A Disturbing Stereotype
This incident is not merely about excessive force. It is about belonging. It is about the deeply entrenched, anti-Black stereotype that positions Black people in courthouse spaces as suspects rather than professionals; as bodies to be controlled rather than minds to be respected. In Ms. Riley’s case, the stereotype appears to have operated with brutal efficiency: a Black woman in a courthouse was perceived not as a lawyer and an officer of the court, but as someone who needed to justify her presence, someone whose legitimacy in that space was presumptively in doubt.
Courthouses are meant to be sanctuaries of the rule of law. Lawyers should be among the safest people within that space. When a lawyer lawfully present and engaged in professional duties is subjected to violence and humiliation like Ms. Riley, the harm extends far beyond the individual. It strikes at the integrity of the justice system itself. A legal profession in which some lawyers must fear physical harm or degradation while doing their jobs is one that has failed its foundational promise of equality before the law.
The Ms. Riley incident is extreme, but it is not anomalous. It represents the violent end of a spectrum of racialized treatment that Black legal professionals routinely encounter in Canadian courthouse spaces.
Not long ago, I encountered a more subtle, but no less revealing, manifestation of the same phenomenon. I appeared as a self-represented litigant in a Court matter. During a settlement conference, the presiding judge complimented me on my “well-written and structured” statement of claim, remarking that it exceeded the quality he typically encounters among self-represented litigants in his courtroom. The remark was delivered as a compliment, but I found it deeply unsettling. The compliment was not grounded in careful engagement with the pleading. Paragraph one of the statement of claim clearly identified me as a lawyer, a fact I doubt the judge even noticed.
As it did not appear to the judge that a Black, self-represented litigant capable of drafting a “well-written and structured” statement of claim could also be a lawyer, I did not see the need to inform him that I am also a law professor who teaches civil procedure (including the drafting of statement of claim) to future lawyers. The compliment laid bare a stereotypical frame that positioned Blackness and legal competence as incongruent. It reinforced a disturbing truth: in courthouse spaces, Black people are often imagined as occupants of inferior or suspicious spaces in that environment.
This is precisely the logic that animates the treatment of Black lawyers in courthouse environments. Blackness is read as deviation from the professional norm. Presence becomes something to be interrogated. Belonging becomes conditional.

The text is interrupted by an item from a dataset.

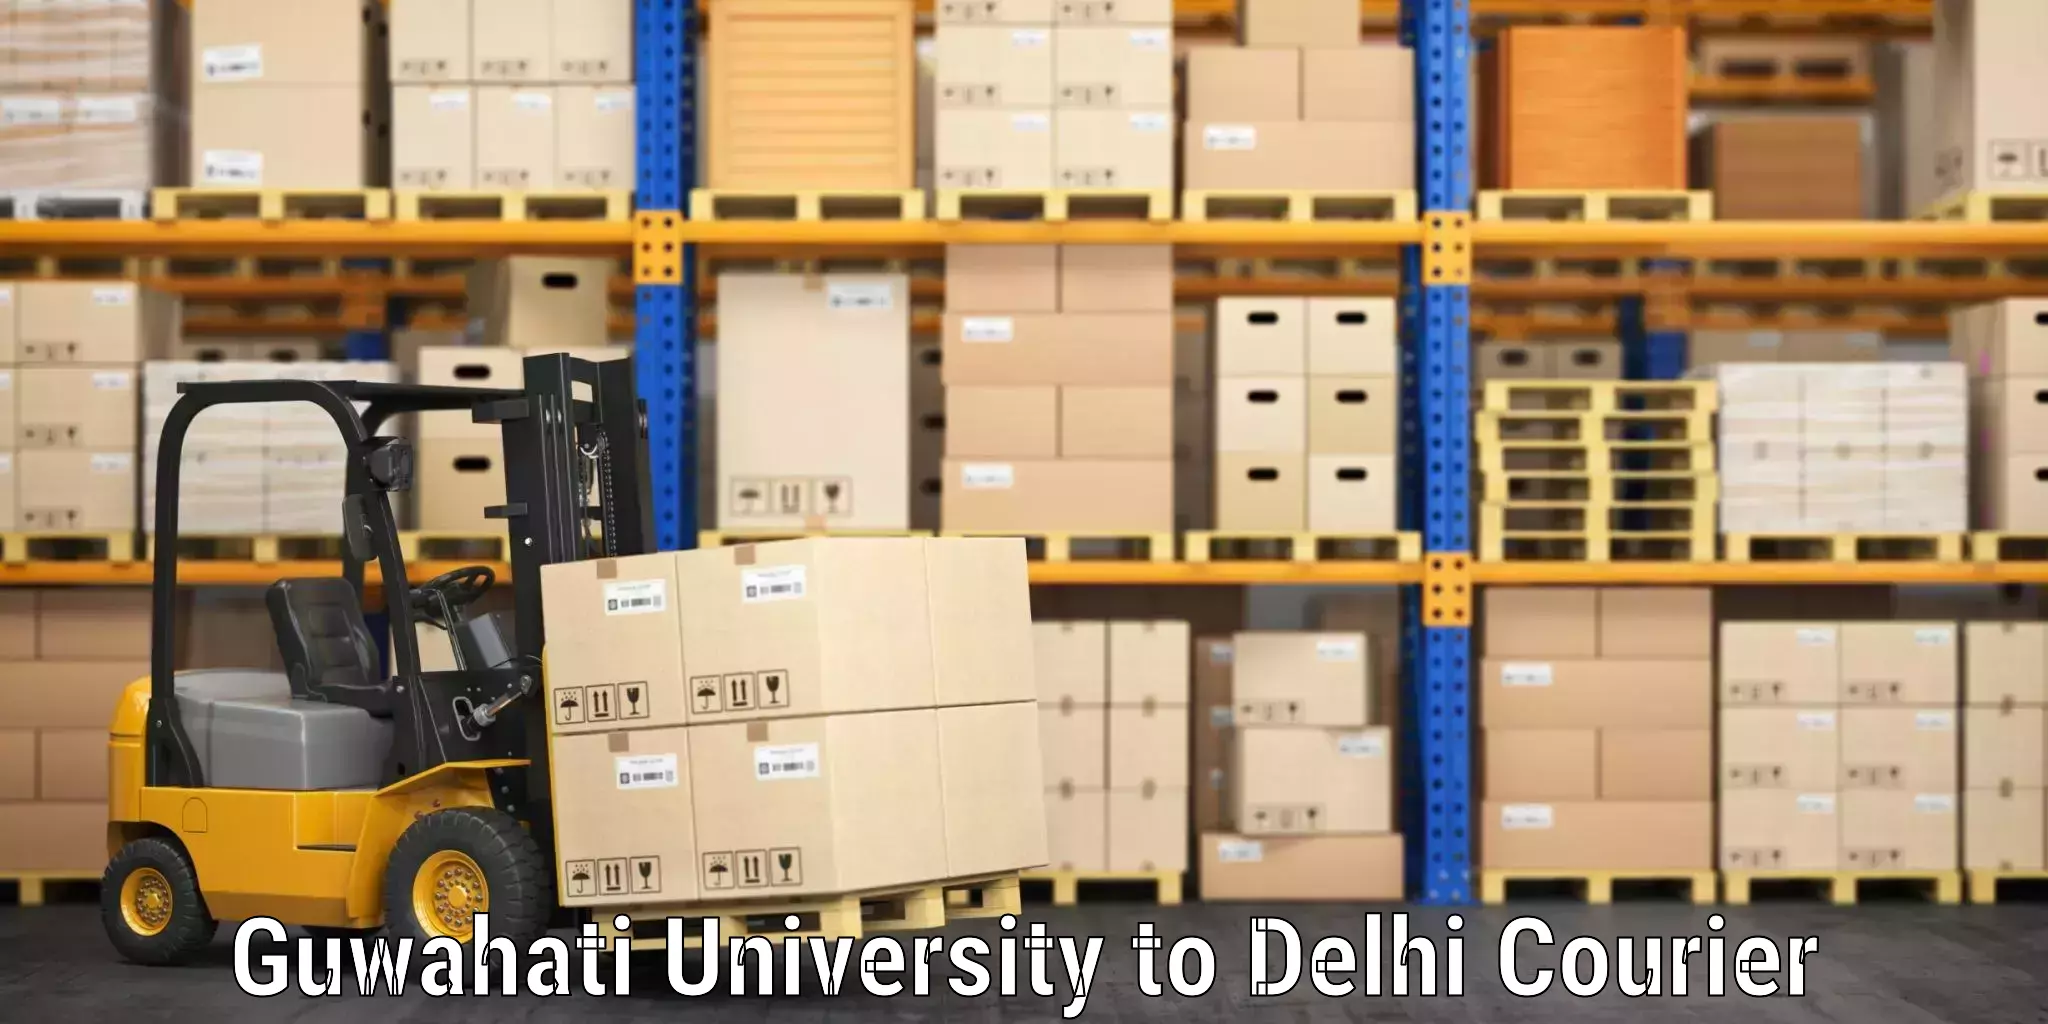 Luggage shipment tracking in Guwahati University to Delhi

Legal Recognition of Racialized Exclusion: Peel Law Association v. Pieters
In Peel Law Association v. Pieters, the Ontario Court of Appeal confronted a strikingly similar dynamic. Two Black lawyers and a Black articling student were sitting in the Brampton courthouse lawyers’ lounge when a librarian demanded they produce identification to prove they were entitled to be in that space. No white lawyers there were asked for ID. The librarian stated that she did not ask for the ID of the other people in the lounge because she knew that they were lawyers. The Ontario Human Rights Tribunal found, and the Court of Appeal later confirmed, that the demand constituted racial discrimination. The Court acknowledged that racial bias often operates subtly and unconsciously, and that discrimination may be inferred from differential treatment in context.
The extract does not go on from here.